The whole program does not unify when it should, so I tried to trace. it on gprolog and here's the first problem I found:

 5    3  Exit: member(edge(g1,a,b),[edge(g1,a,b),edge(g1,b,c),edge(g1,a,c),edge(g1,d,a),edge(g1,d,b),edge(g1,d,c)]) ? 
      6    3  Call: a\=a ? 
      7    4  Call: a=a ? 
      7    4  Exit: a=a ? 
      6    3  Fail: a\=a ? 
      5    3  Redo: member(edge(g1,a,b),[edge(g1,a,b),edge(g1,b,c),edge(g1,a,c),edge(g1,d,a),edge(g1,d,b),edge(g1,d,c)]) ? 
      5    3  Exit: member(edge(g1,b,c),[edge(g1,a,b),edge(g1,b,c),edge(g1,a,c),edge(g1,d,a),edge(g1,d,b),edge(g1,d,c)]) ? 
      6    3  Call: a\=b ? 
      7    4  Call: a=b ? 
      7    4  Fail: a=b ? 
      6    3  Exit: a\=b ? 
      5    3  Redo: member(edge(g1,b,c),[edge(g1,a,b),edge(g1,b,c),edge(g1,a,c),edge(g1,d,a),edge(g1,d,b),edge(g1,d,c)]) ? 

For some reason, after it triumphs here 6 3 Exit: a\=b ? it would redo the previous clause until it fails and I do not understand why.
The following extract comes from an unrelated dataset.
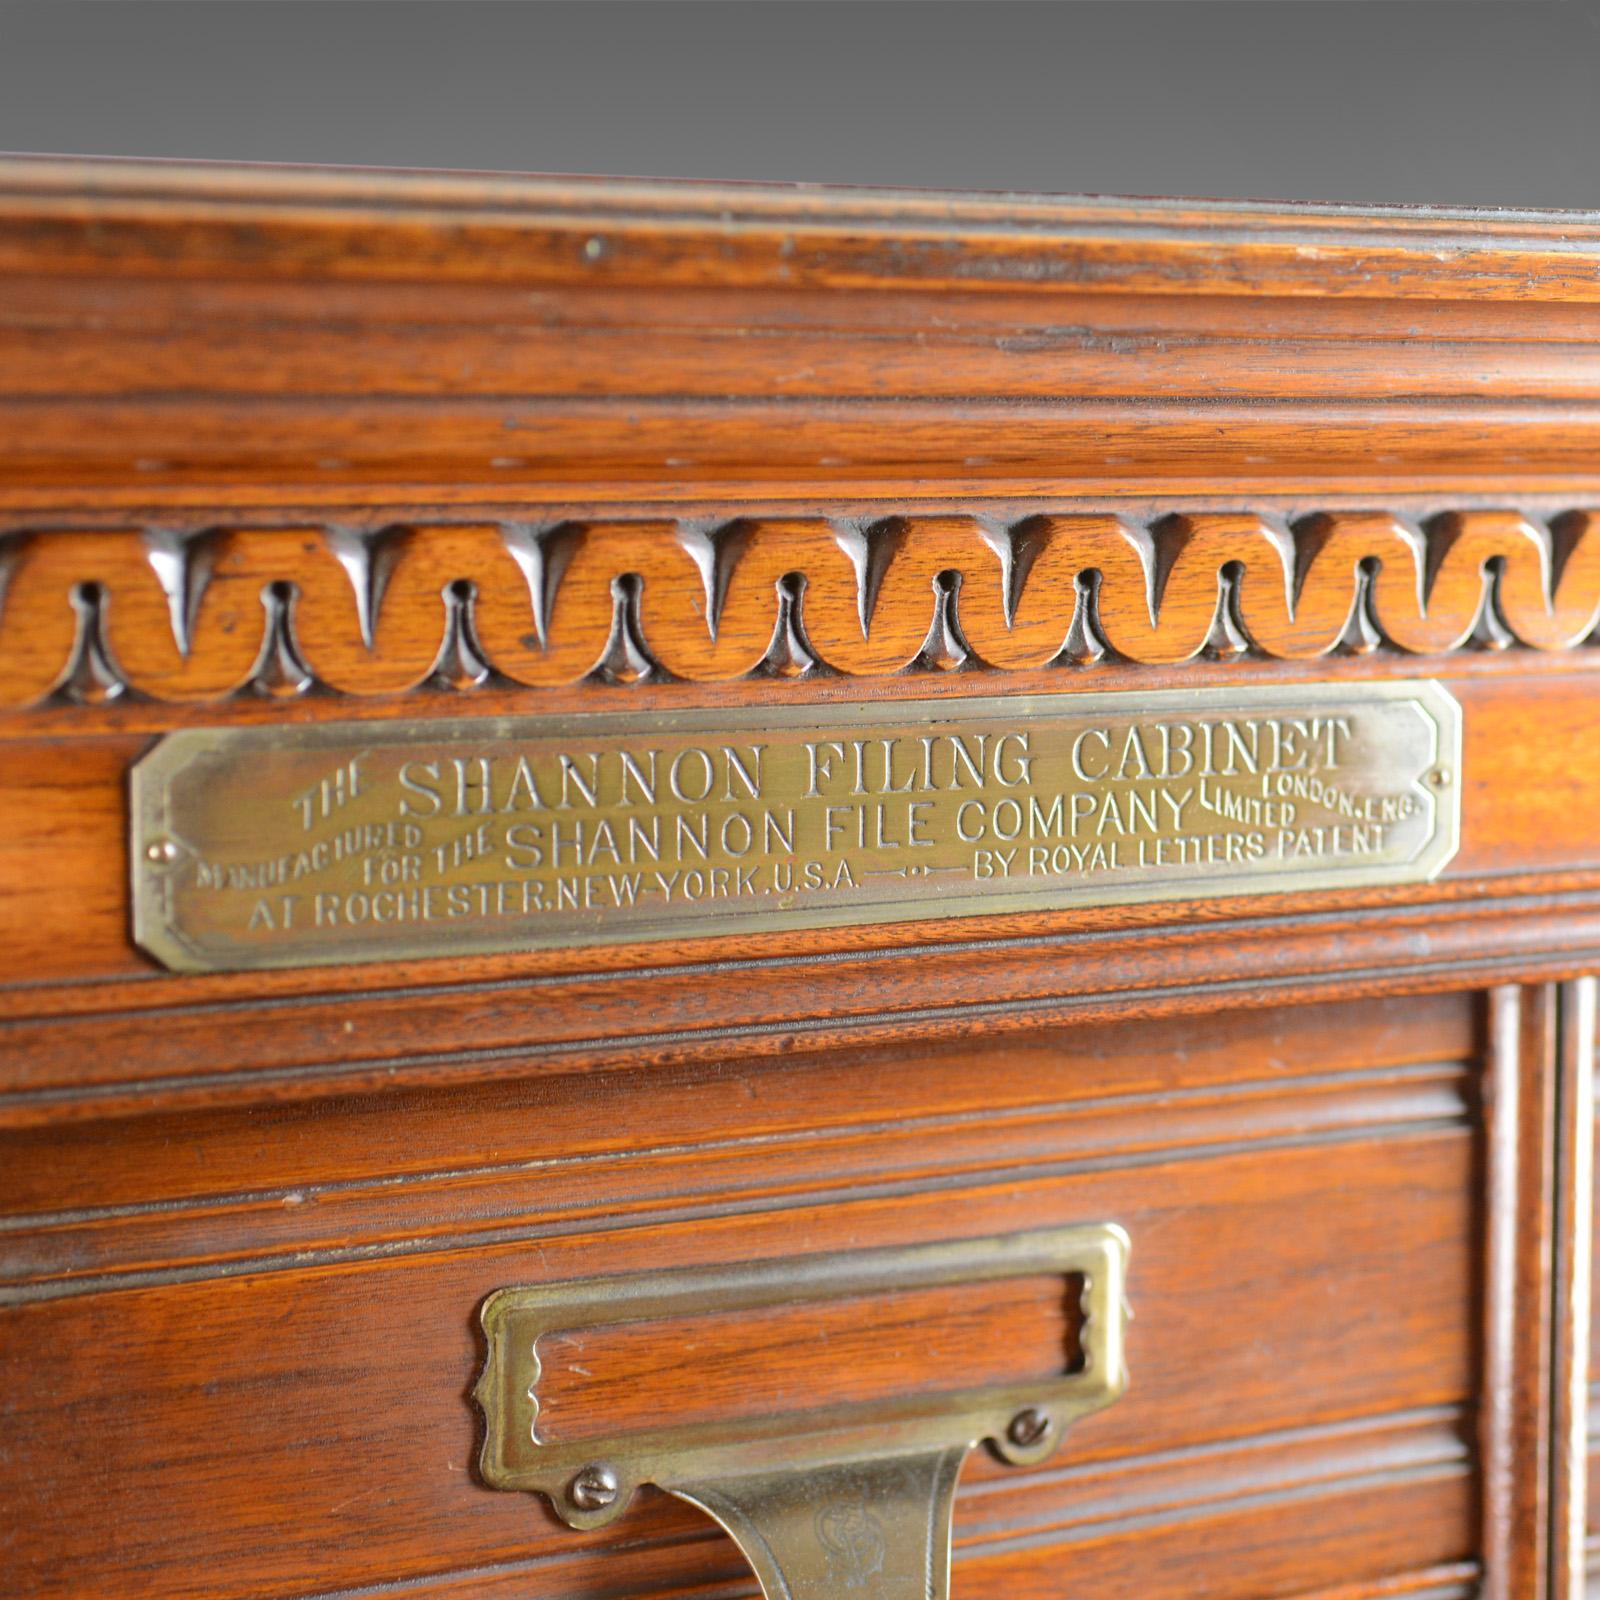 20th Century Large Antique Filing Cabinet, English, Edwardian, Walnut, Shannon File Co.
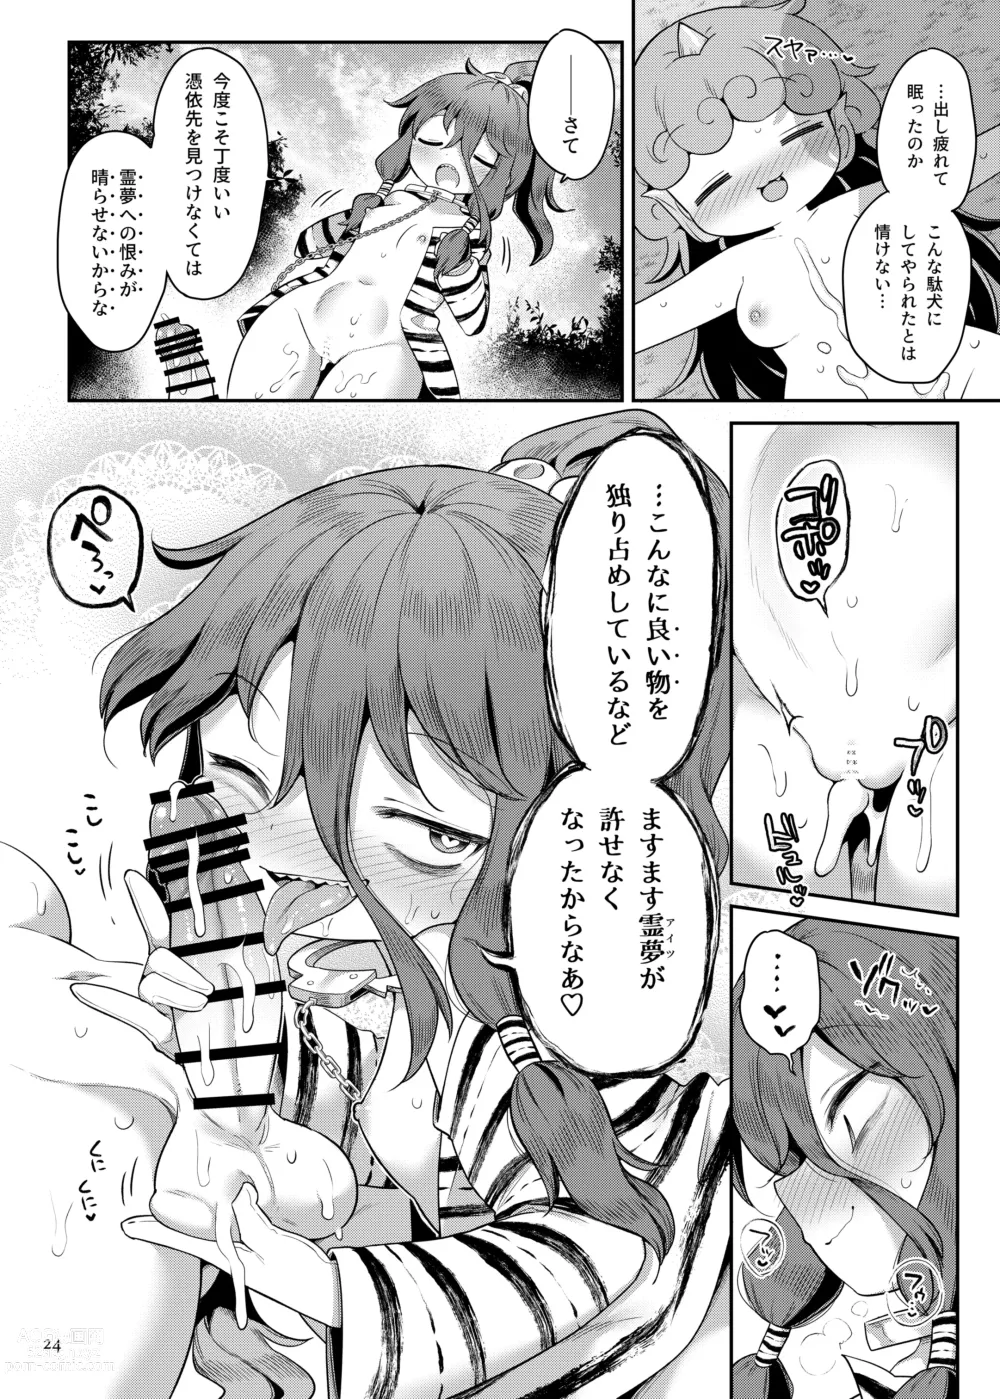 Page 24 of doujinshi Komano Aunn no Onryou Taiji

Edit: The idea is for the program to unify if there is a node which has 3 or more edges attached to it (does not matter if those edges comes from or to that node). Note that it is possible to unify more than once, if more than one node has three or more edges attached to it. Edges, as you can see, are given as facts.

Answer 1

First off, you make heavy use of this "idiom": findall(Foo,Foo,T), member(Foo,T). You would have been better off just doing Foo. You're materializing the knowledge store into a list variable, presumably because it's more familiar to you and you assume it will be easier to work with, but it doesn't really buy you anything. It's pushing your food around on your plate. Especially because you don't then do anything better with T that might justify the work, like using select/3 to constrain your search.

Second, you have four clauses for zpider/3. Why? You're doing some kind of strange breakdown of cases where the first node and subsequent nodes match or don't match on the first or second argument. I think you're unclear on the fact that each of these clauses will be executed once, and then backtracked into. You're not getting the benefit of all four of these running sequentially. Each one of them represents an alternate solution. That's why you have backtracking you don't expect!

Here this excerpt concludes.